EXERCISE INSTRUCTIONS | Once you reach the line with "Chrysler Pt Cruiser", transcribe it and every line after it to the end of the records, exactly, but not the pictures.

■ ■ ■ ■

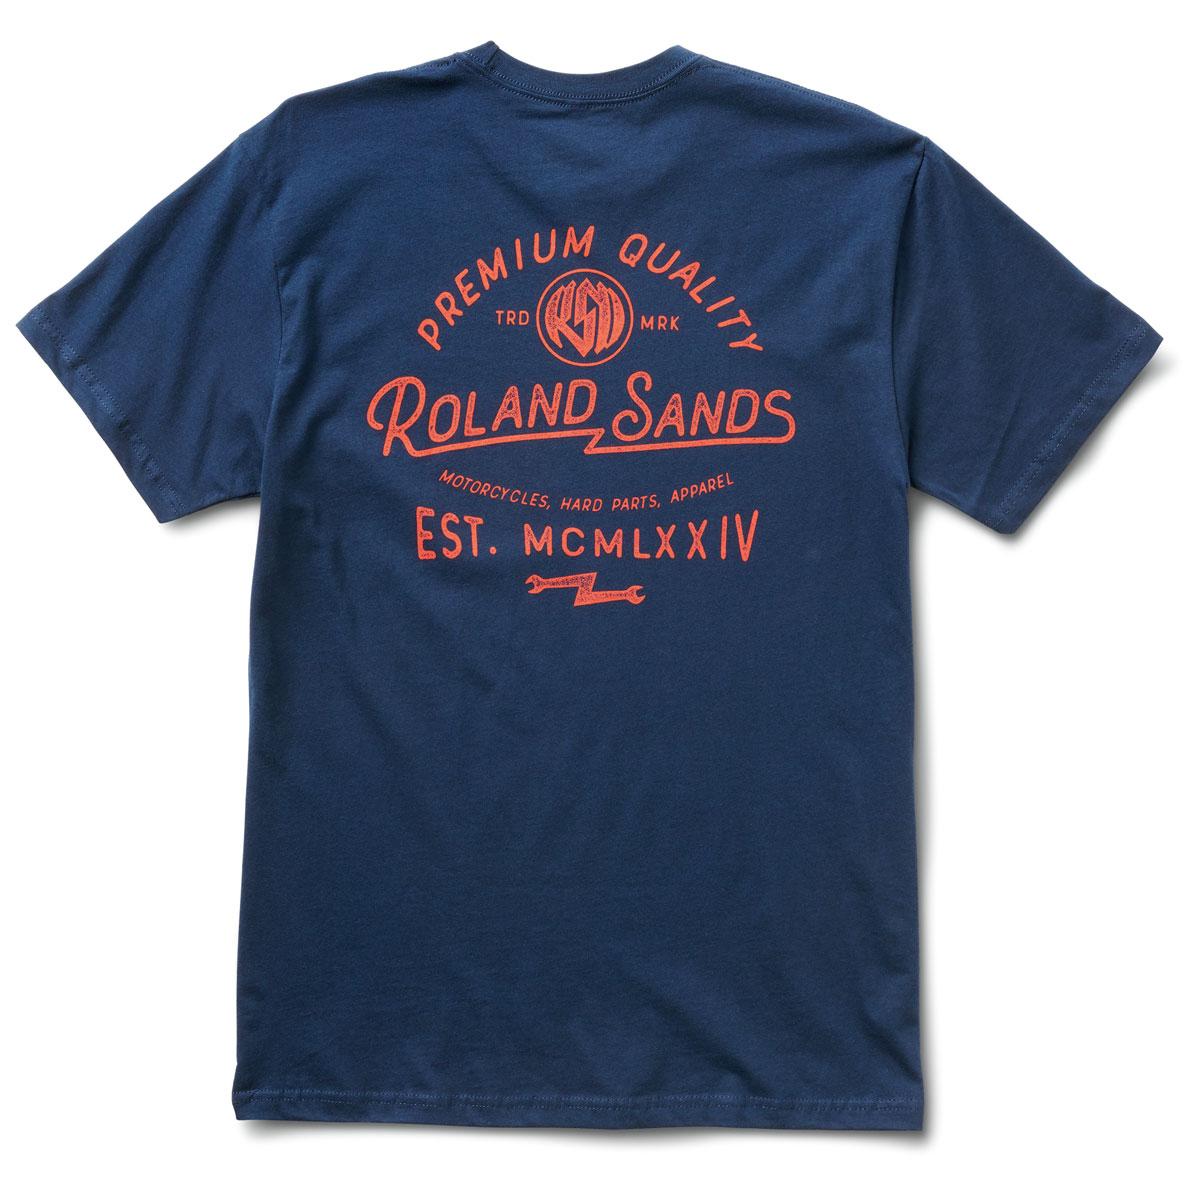 Roland Sands Design Apparel Men's Roman 74 Navy Blue T-Shirt
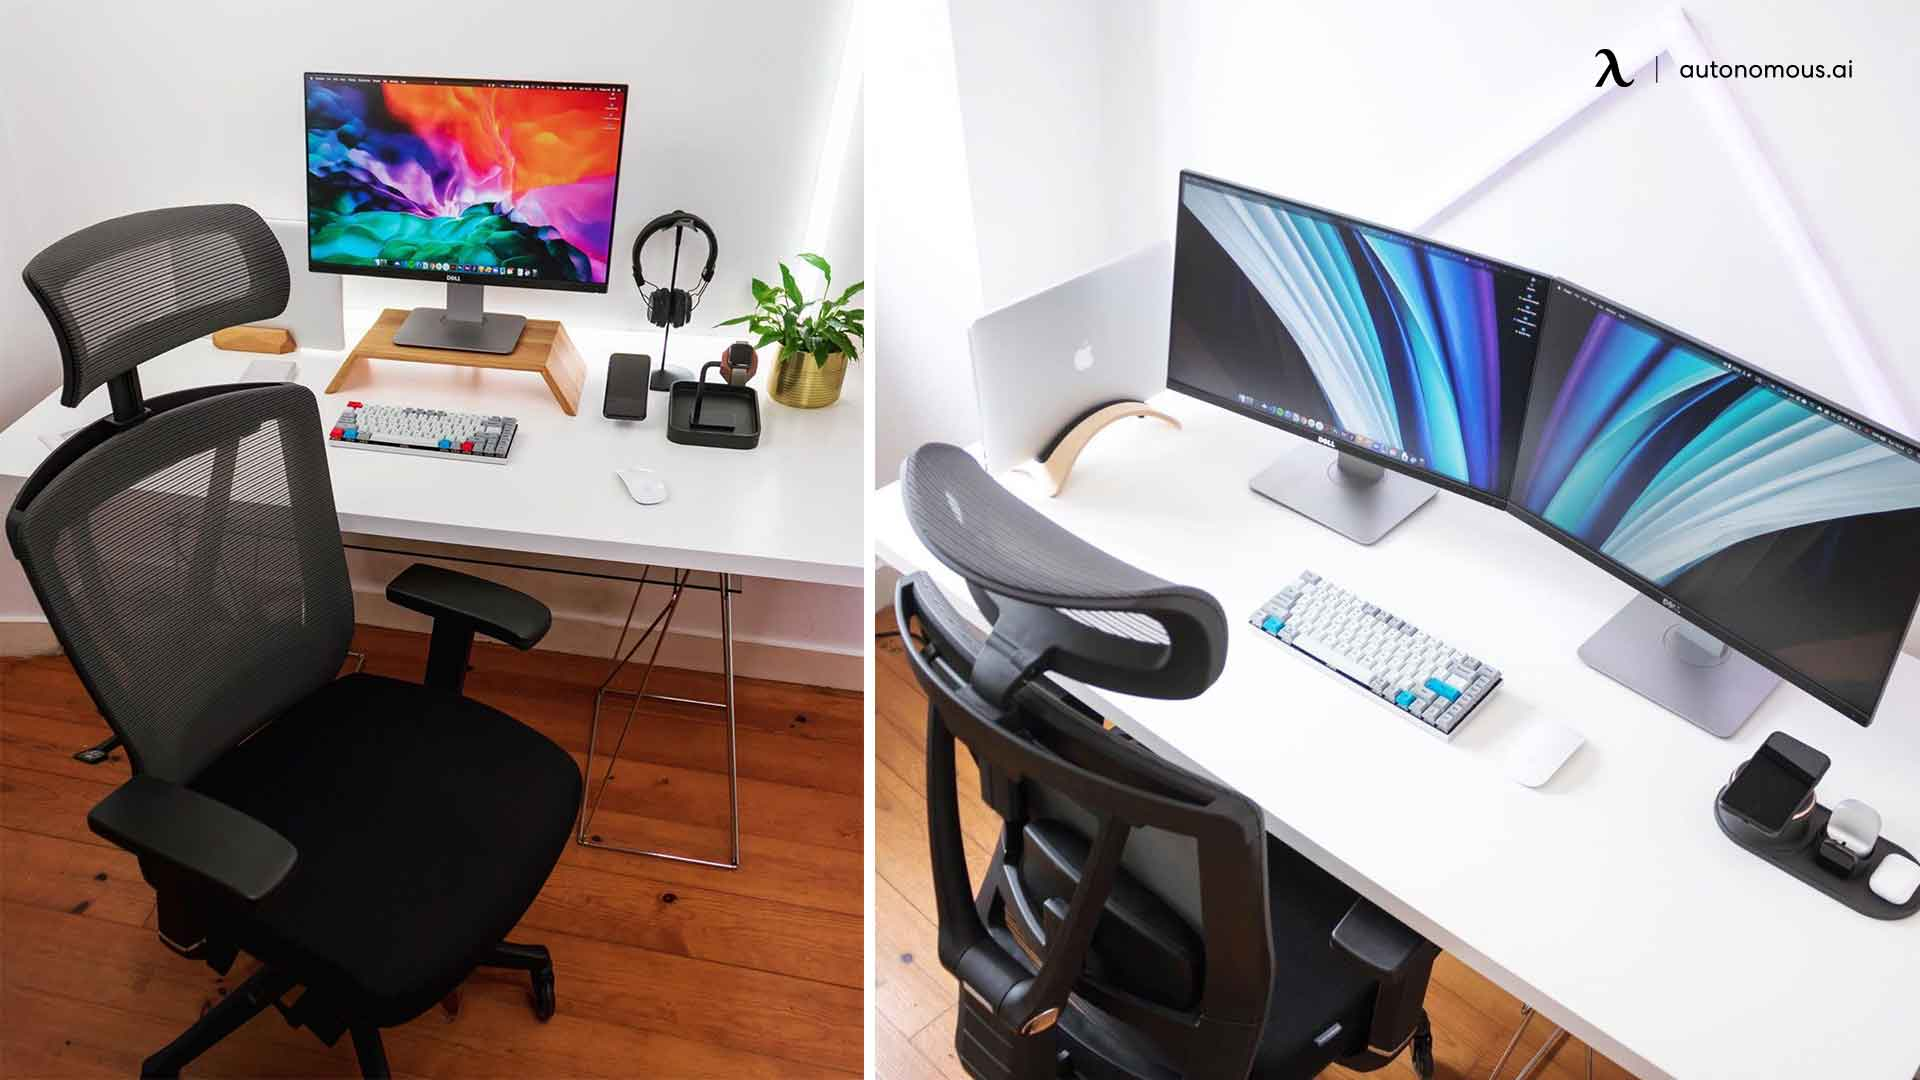 ergonomic chair - office setup
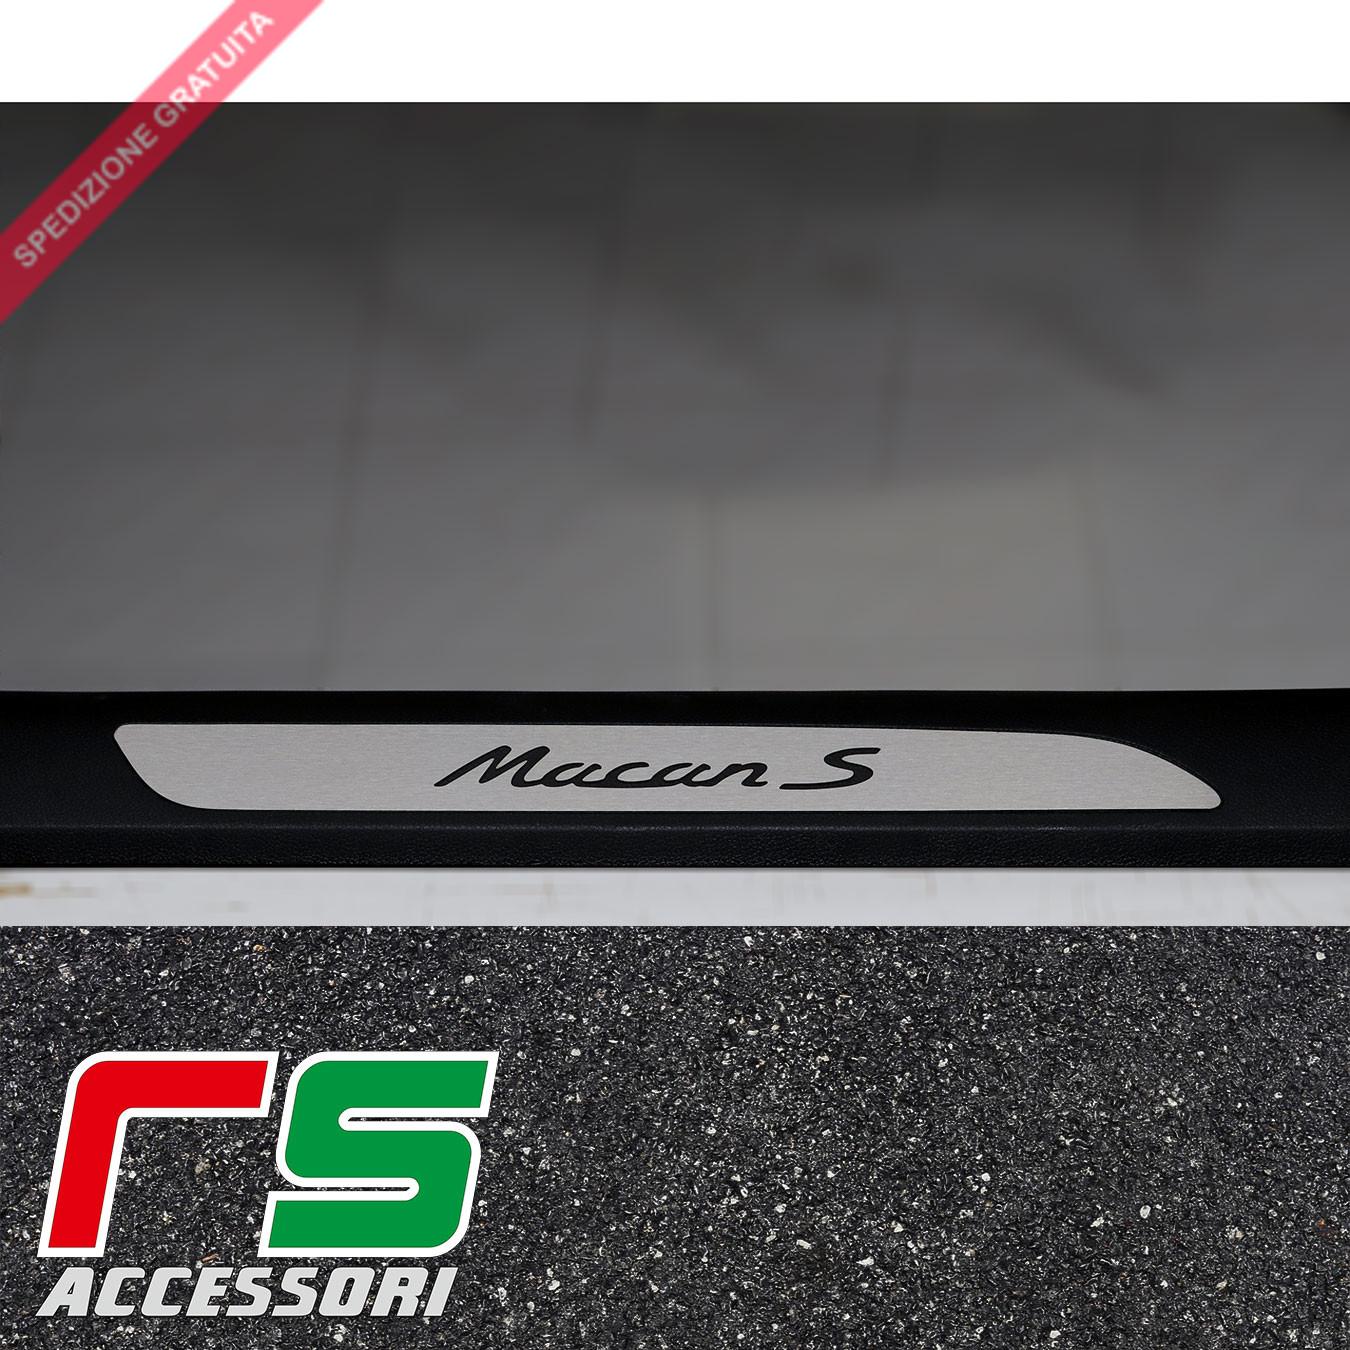 Porsche Macan S battitacco sottoporta in acciaio inox
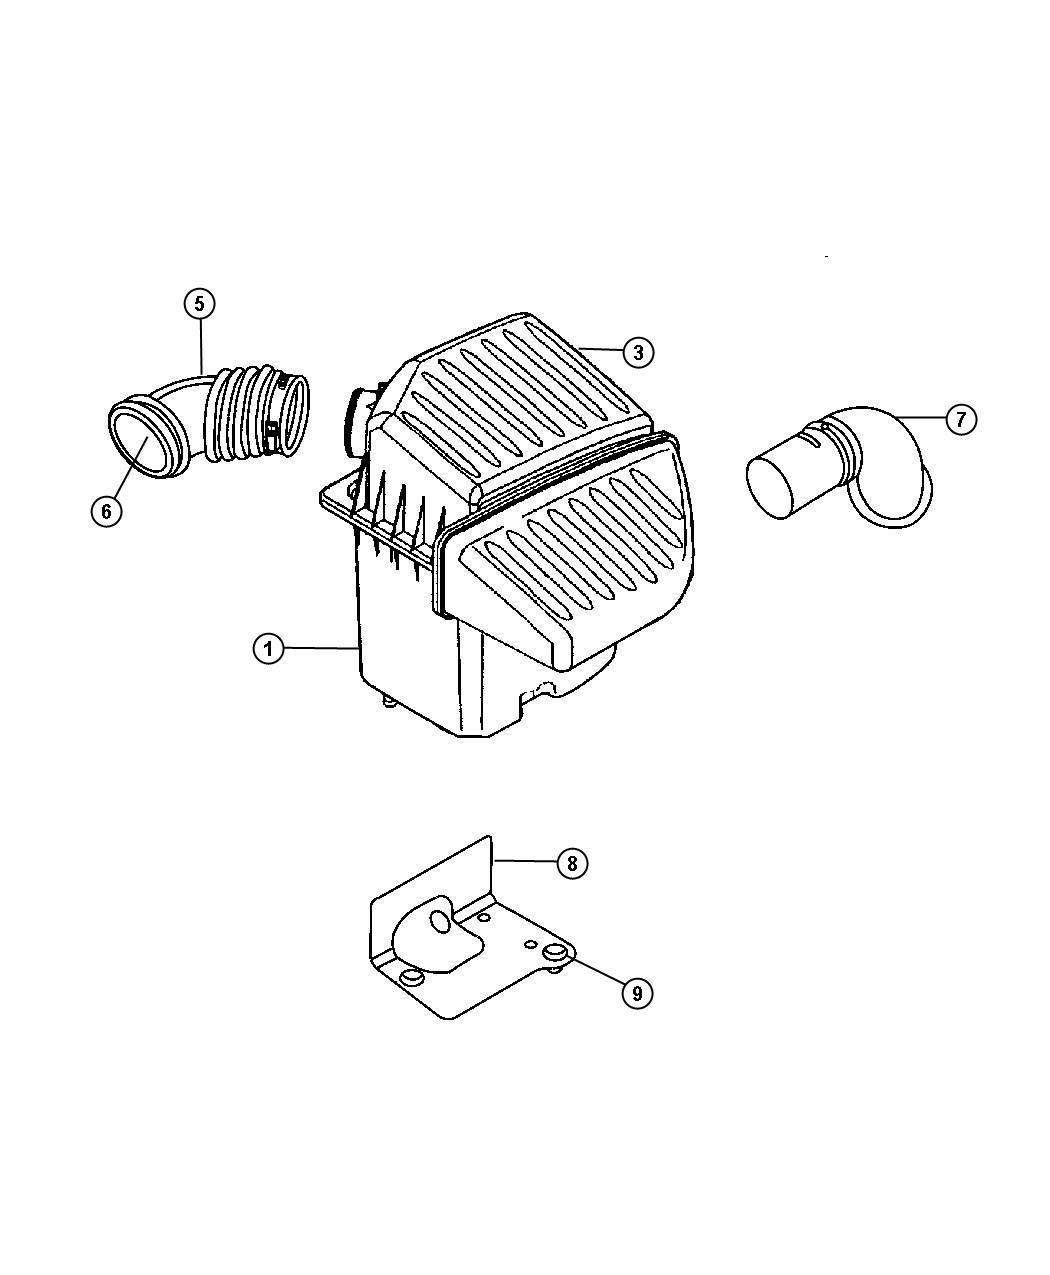 Chrysler Pt Cruiser Filter Crankcase Vent Located In
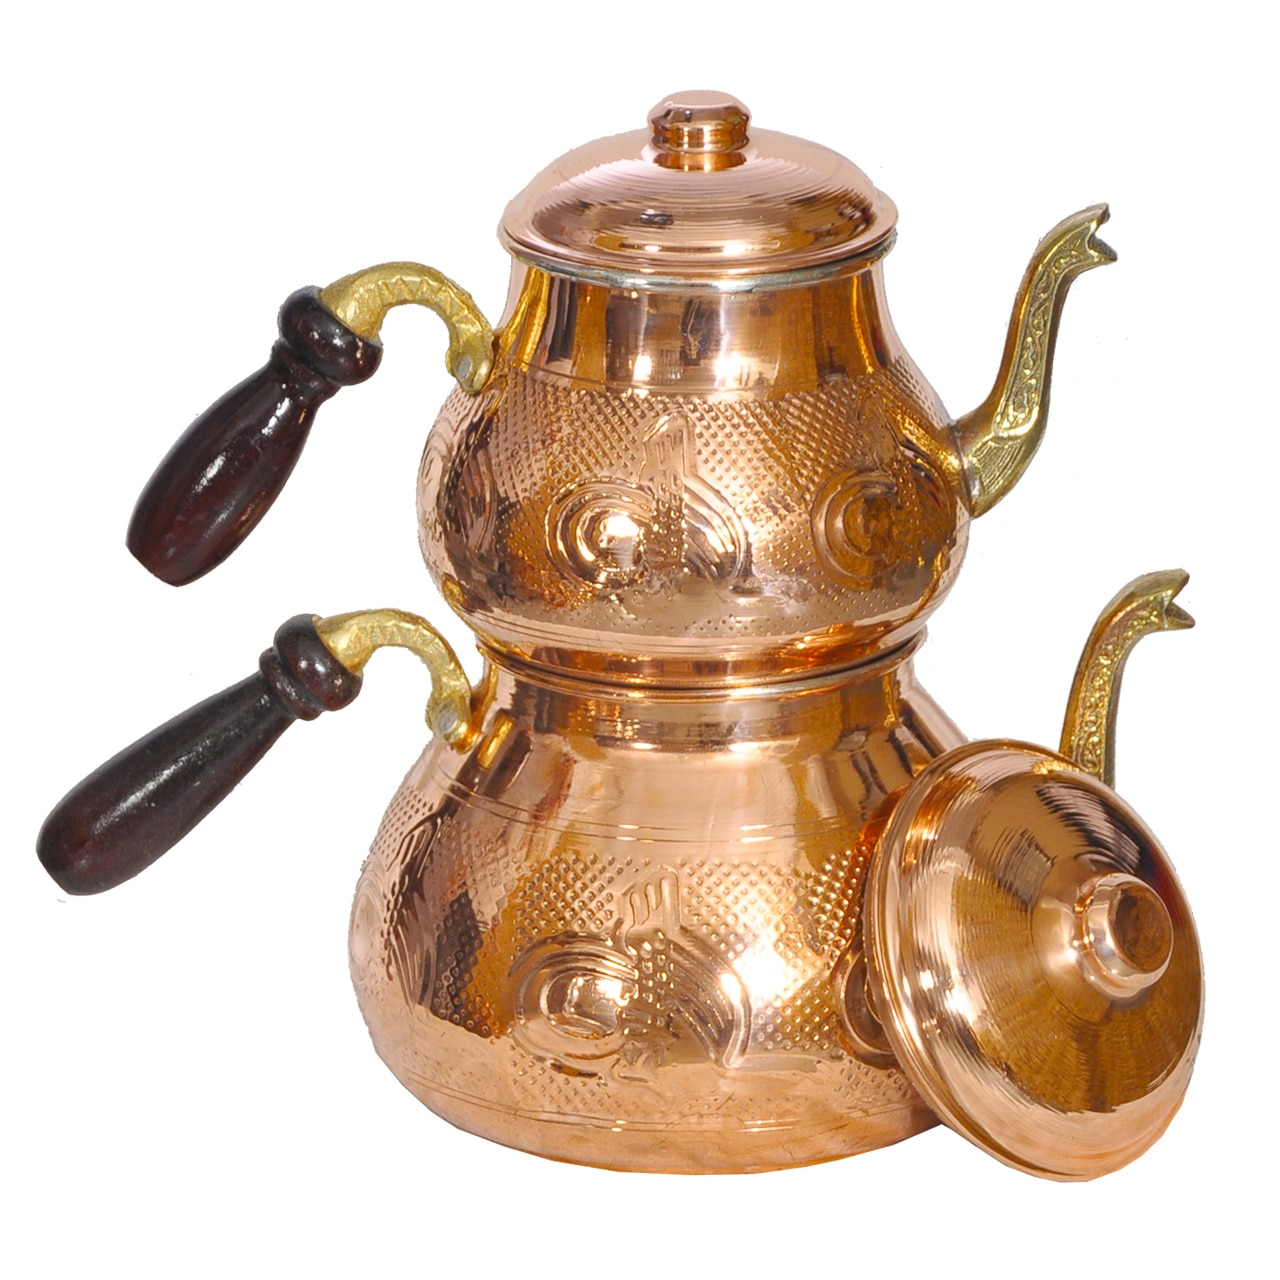 Thick material Turkish teapot Home Camping Picnic for  stannous teapot.турецкий Медный чайный сервиз Толстый материал

■ ■ ■ ■

YOUR RESPONSE |
 Chrysler Pt Cruiser Filter Crankcase Vent Located In
 Thick material Turkish teapot Home Camping Picnic for  stannous teapot.турецкий Медный чайный сервиз Толстый материал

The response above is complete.